Он страдал вместе с ней. В его сердце было сомнение. Он подошел и тихо положил руку ей на плечо.
– Я не могу сейчас тебе сказать ничего конкретного, – мягко произнес Маршалл. – Ты права. Все, что ты мне высказала, правильно. Я не решусь сегодня дать новые обещания, которые я, может быть, не выполню, – то, что он говорил, причиняло ему боль, но он заставлял себя продолжить. – Я должен все обдумать, хорошенько разобраться. Наверное, тебе лучше уехать. Поживи у мамы, будь подальше от всей этой заварухи. Я… я дам тебе знать, когда все кончится, когда я подойду к тому, что действительно важно. Я не буду просить тебя вернуться до этого.
– Я люблю тебя, Маршалл, – плача сказала Кэт.
– Я тоже тебя люблю, Кэт.
Она неожиданно поднялась, обняла его и горячо поцеловала. Маршалл долго не сможет этого забыть: поцелуй, когда Кэт отчаянно прижимала его к себе, ее лицо, залитое слезами, и тело, дрожащее от плача. Маршалл с силой обхватил жену, как будто держал в руках саму жизнь, драгоценное сокровище, которое он, может быть, терял навсегда.
Потом Кэт грустно произнесла:
– Лучше мне ехать прямо сейчас, – и обняла его в последний раз.
Удержав ее еще на мгновение, Маршалл проговорил ободряюще:
– Все будет хорошо. Прощай.
Чемоданы были уже упакованы. Кэт не брала с собой много вещей. Входная дверь тихо закрылась за ней, их маленький пикап попятился к выезду на улицу.
Маршалл долго одиноко сидел у кухонного стола. Он тупо рассматривал узоры на его поверхности. Тысячи воспоминаний проносились в голове. Минута проходила за минутой, но он не замечал времени. Земля продолжала вращаться и без его участия.
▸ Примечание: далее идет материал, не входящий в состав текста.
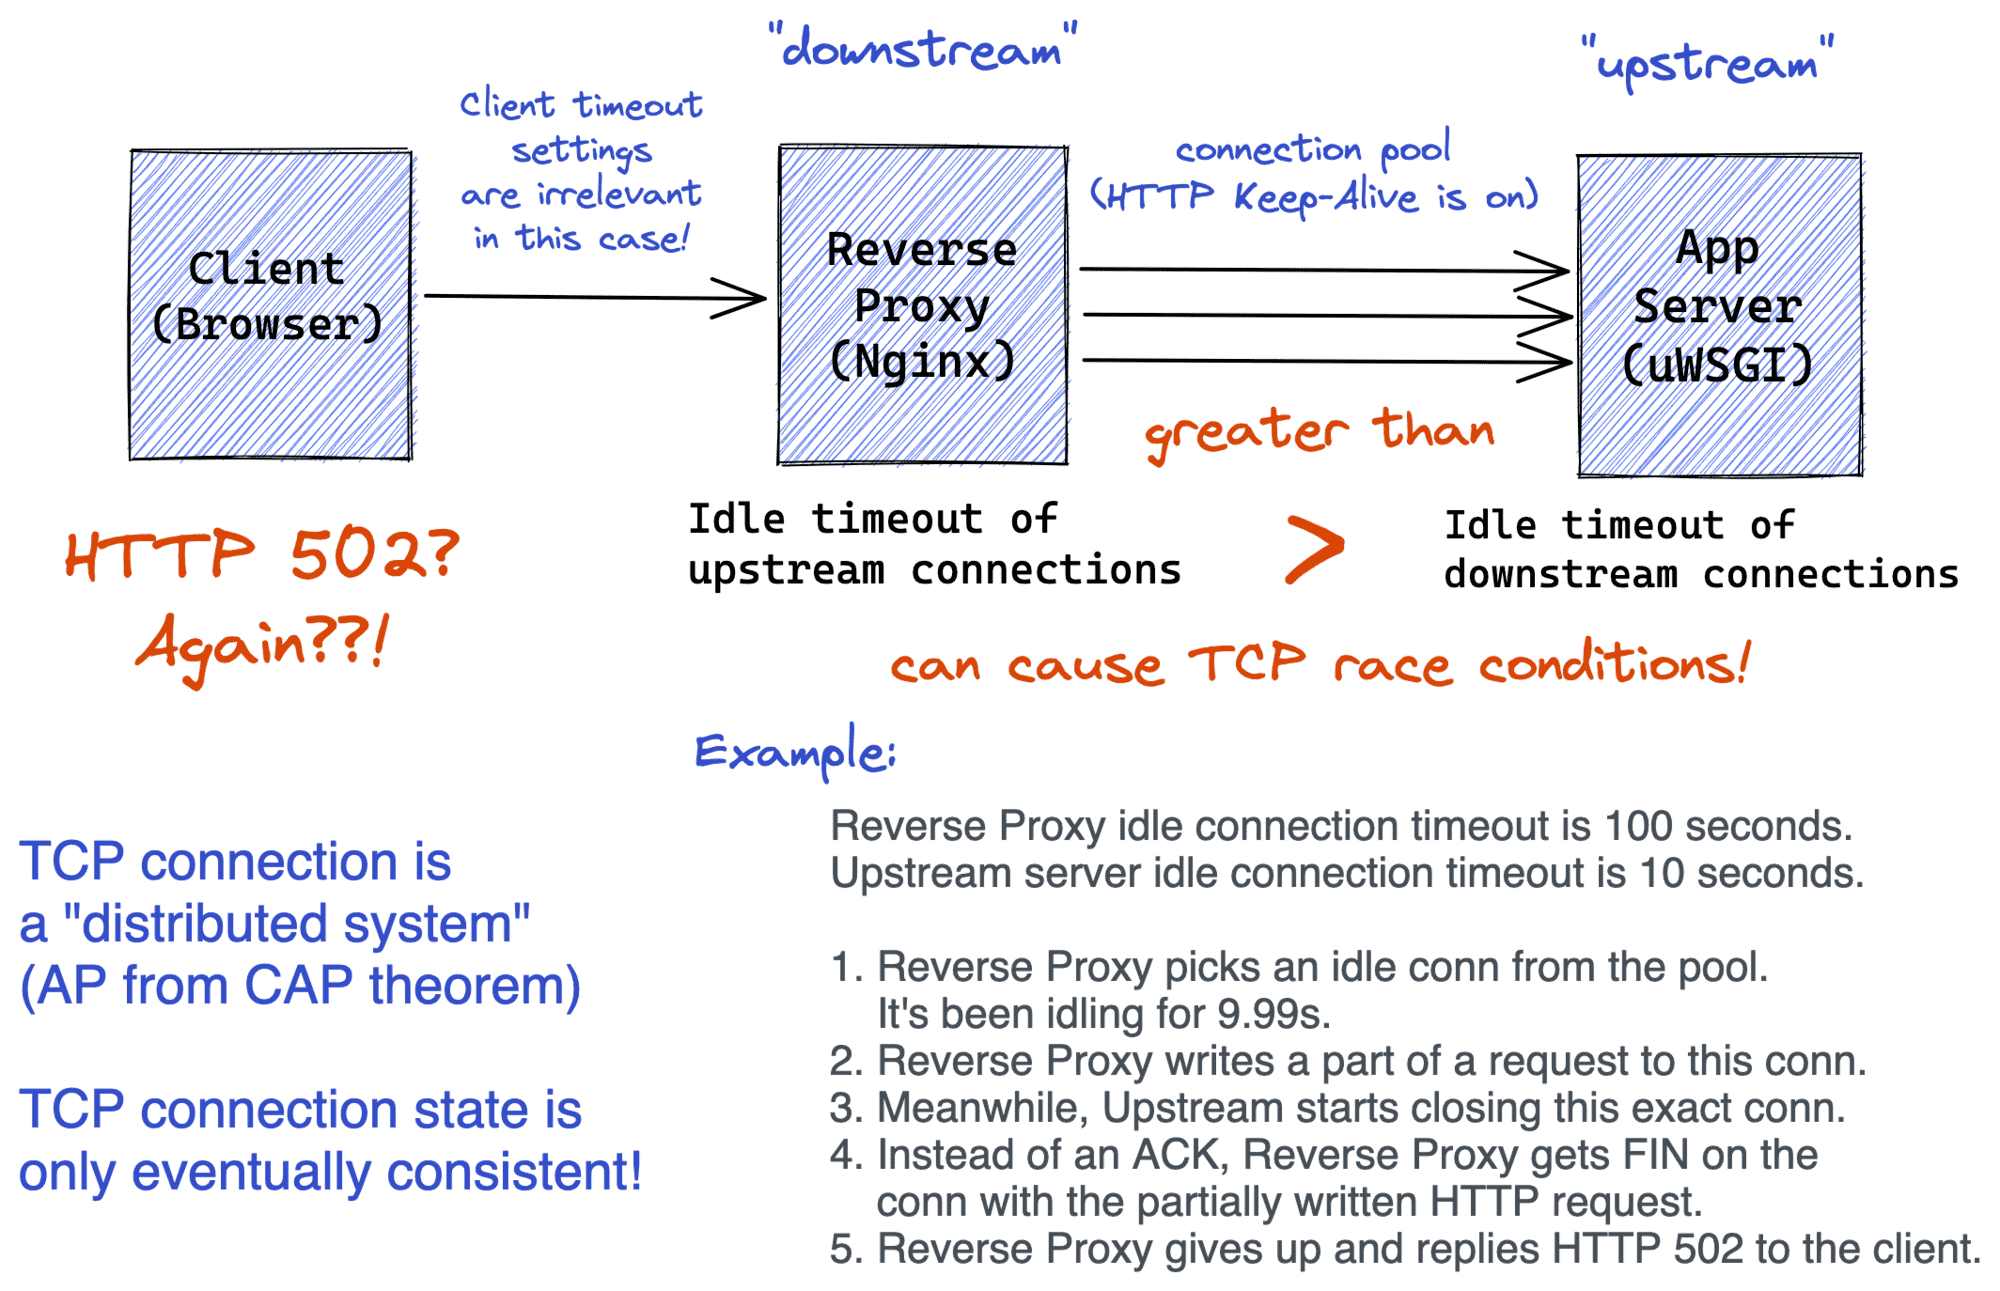 How HTTP Keep-Alive between a reverse proxy and an upstream can cause HTTP 502s due to a TCP race condition.

Наконец он вышел из оцепенения, и все его мысли и чувства сосредоточились на одном имени: «Кэт…» – он плакал и плакал.
Глава 28
Закусив нижнюю губу, Гило внимательно следил за происходящим внизу, в долине. С ним были две дюжины воинов. Из их укромного наблюдательного пункта, среди скал, резиденция Стронгмана, князя Силы, походила на осиное гнездо, вокруг которого вился гудящий, рассерженный рой. Мириады бесов образовали живую движущуюся массу над группой одиноко стоящих мрачных зданий. Звуки от взмахов их крыльев гулким эхом отражались от окружающих гор. Демоны вели себя необычайно встревоженно.
– Они что-то замышляют, – заметил один из воинов.
– Пожалуй, кому-то явно грозит опасность, – произнес Гило. – Берусь утверждать, что дело касается Сузан. По всему комплексу зданий готовили к отправке громадные фургоны с вещами из канцелярии и охотничьими трофеями Александра Касефа. Персонал разошелся по жилым корпусам упаковывать свои пожитки. Сам воздух был полон возбужденного ожидания переезда. Люди собирались кучками то тут, то там, беседуя на разных языках, о большом каменном особняке, вдали от общей суеты, ^узан Якобсон тоже собирала вещи. Она разбирала рукописные заметки, документы, газетные вырезки из большой артонной коробки, собираясь выбросить все, что не имело особой ценности. Но почти каждый листок бумаги был нужным и важным. Единственный чемодан, лежащий туалетном столике, должен был вместить в себя все. Он и без того уже полон и слишком тяжел для Сузан, но, тем не менее, она складывала в него все новые и новые бумаги.
Быстро прошептав несколько молитв, она снова начала сортировать свой груз, чтобы отделить половину. Потом принялась тщательно укладывать чемодан: папка сюда, свидетельства туда, еще несколько документов, фотографии, еще одна папка, ксерокопии, толстая пачка фотографий, несколько непроявленных пленок.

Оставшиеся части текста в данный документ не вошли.